For scholarship program, he said the panel has proposed that students from state get admission in different institution outside, “though it is very difficult for the institutions to set aside a quota of seats.”

The latest initiative on employment generation follows constitution of two panels on economic development of JK some years back whose recommendations are gathering dust. Both these panels were also headed by C Rangarajan.

Dr Singh had constituted the Task Force on Economic Development of JK in 2005 which submitted its report in November 2006. Some of the key recommendations included; transfer of 390 MW Dulhasti Hydel Power Project from NHPC to J&K and transfer of 1020 MW Bursar Storage Scheme from NHPC to J&K for execution in the state sector. No follow-up action was taken on the recommendations of the Task Force especially relating to transfer of Dulhasti power project to the state.

Among the five Working Groups on Jammu and Kashmir constituted by the Prime Minister in May 2006, the third Working Group on ‘Economic Development of the State” was again headed by C Rangarajan.

While reiterating the implementation of the recommendations made by the Task Force regarding transfer of Dulhasti and Bursar power projects from NHPC to the state it had called for increasing the state’s power share in the central projects among other recommendations.
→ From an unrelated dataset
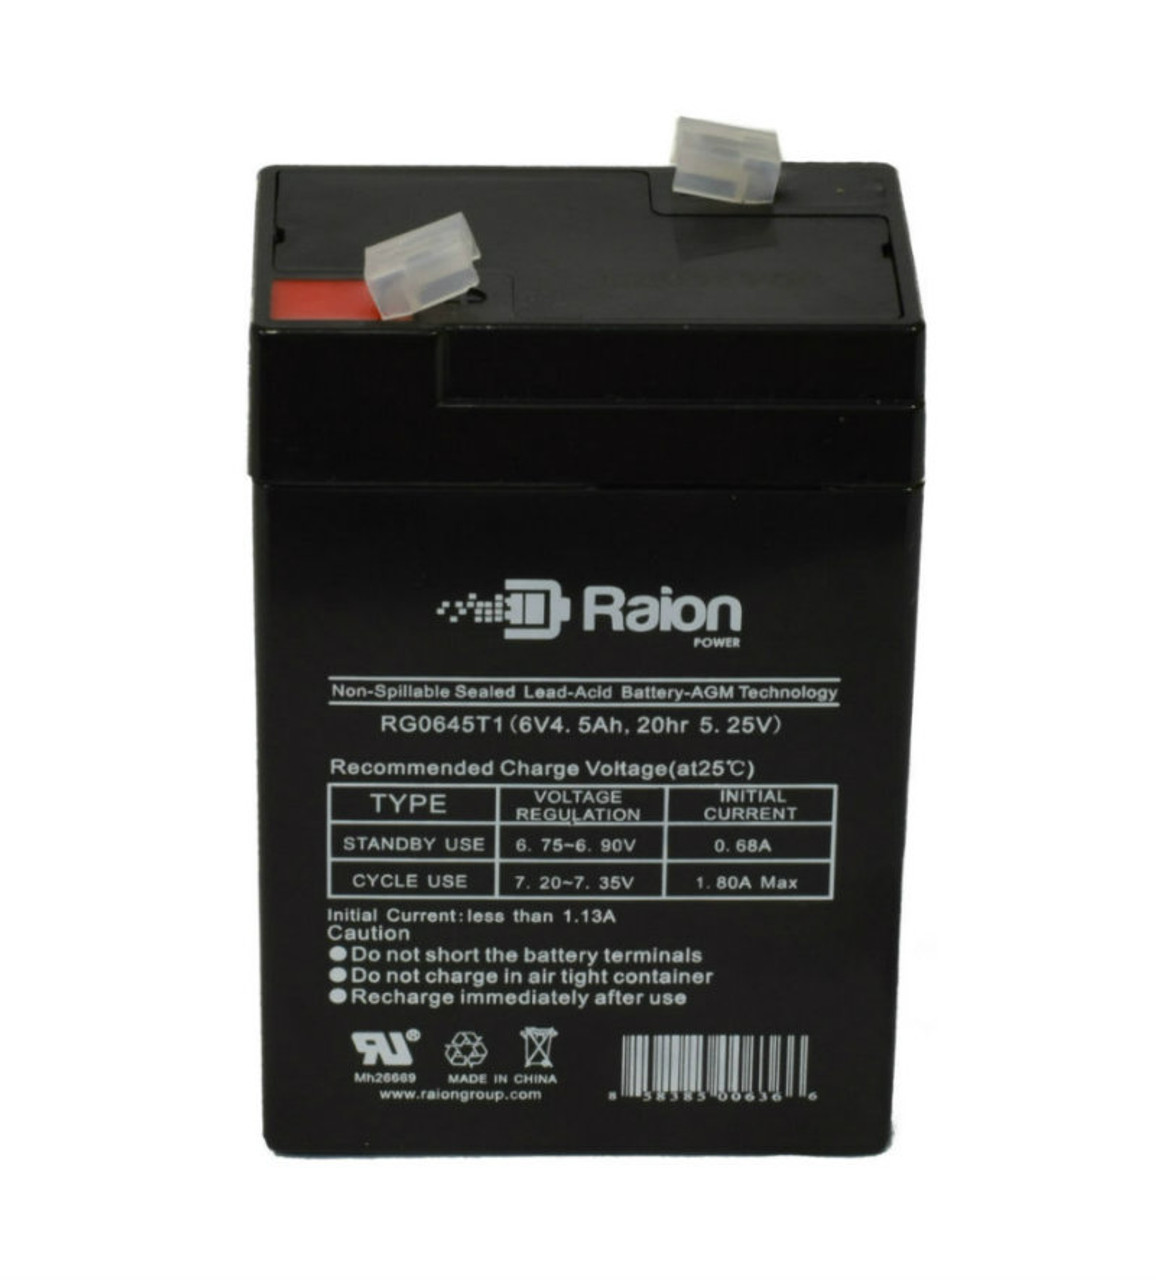 Raion Power RG0645T1 Replacement Battery Cartridge for Teledyne Big Beam S64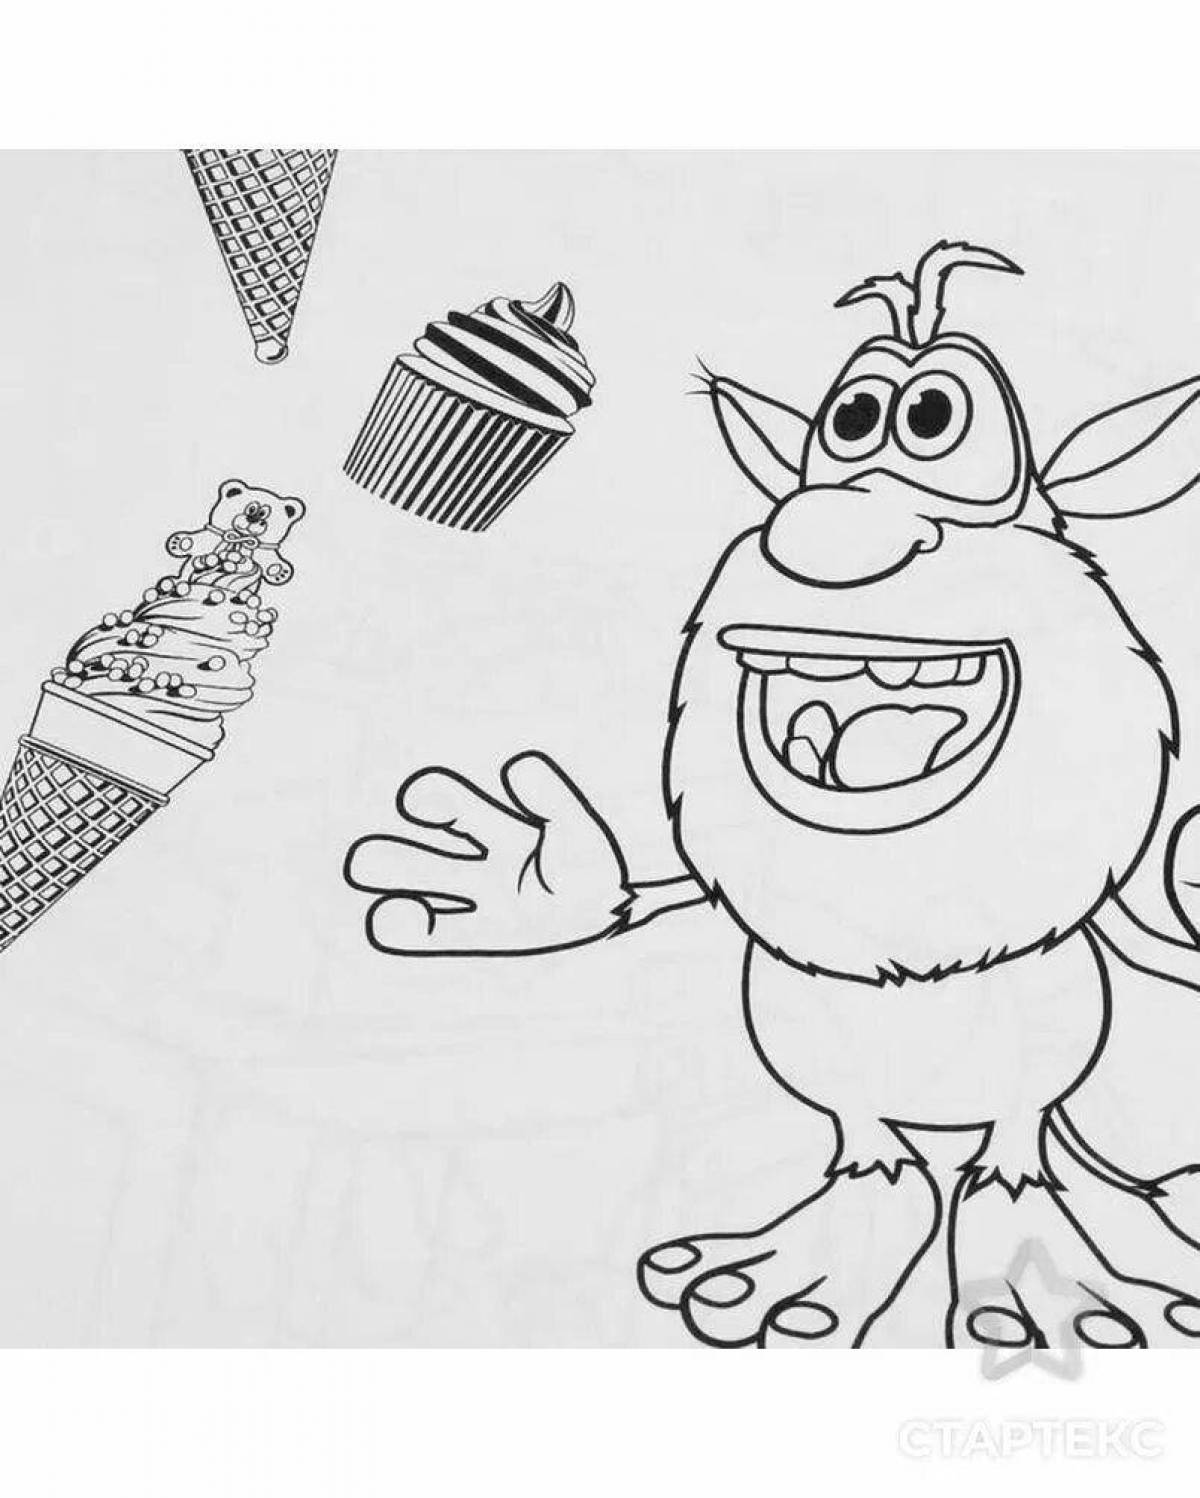 Charming buba coloring book for kids

The Group had also called for vacating the properties in possession of the security forces and the army, especially those relating to industrial activities.

For economic development in JK, he said two reports have already been submitted to government of India. “For immediate impact we have provided for several schemes in different sectors like agriculture, horticulture and others as well,” he said.
Regarding sectoral initiatives, Rangarajan said the group has recommended revival of State Finance Corporation by providing Rs 100 crore for the purpose to revive flow of credit to the enterprises.

"The amount will not be enough. Another Rs 50 crore should be granted for making it operational," he said.

He said the credit flow was necessary for allowing the small and micro enterprises to flourish in the state. Other initiatives recommended include faculty enhancement programs, persuading private school and educational institutions to accommodate children from Jammu and Kashmir.

Responding to a question, Rangarajan said some of the schemes given in the report should take off soon as there is no reason for delaying them.

“We are seeking separate allocations (for separate schemes). For employment oriented programs funding will have to be done from appropriate authorities,” he responded to another question.

Asked about the fate of recommendations on transfer of power projects to the state made by the Prime Minister’s working group headed by him, the noted economist evaded direct response. “You know our reports which have indicated why certain measures should be taken.”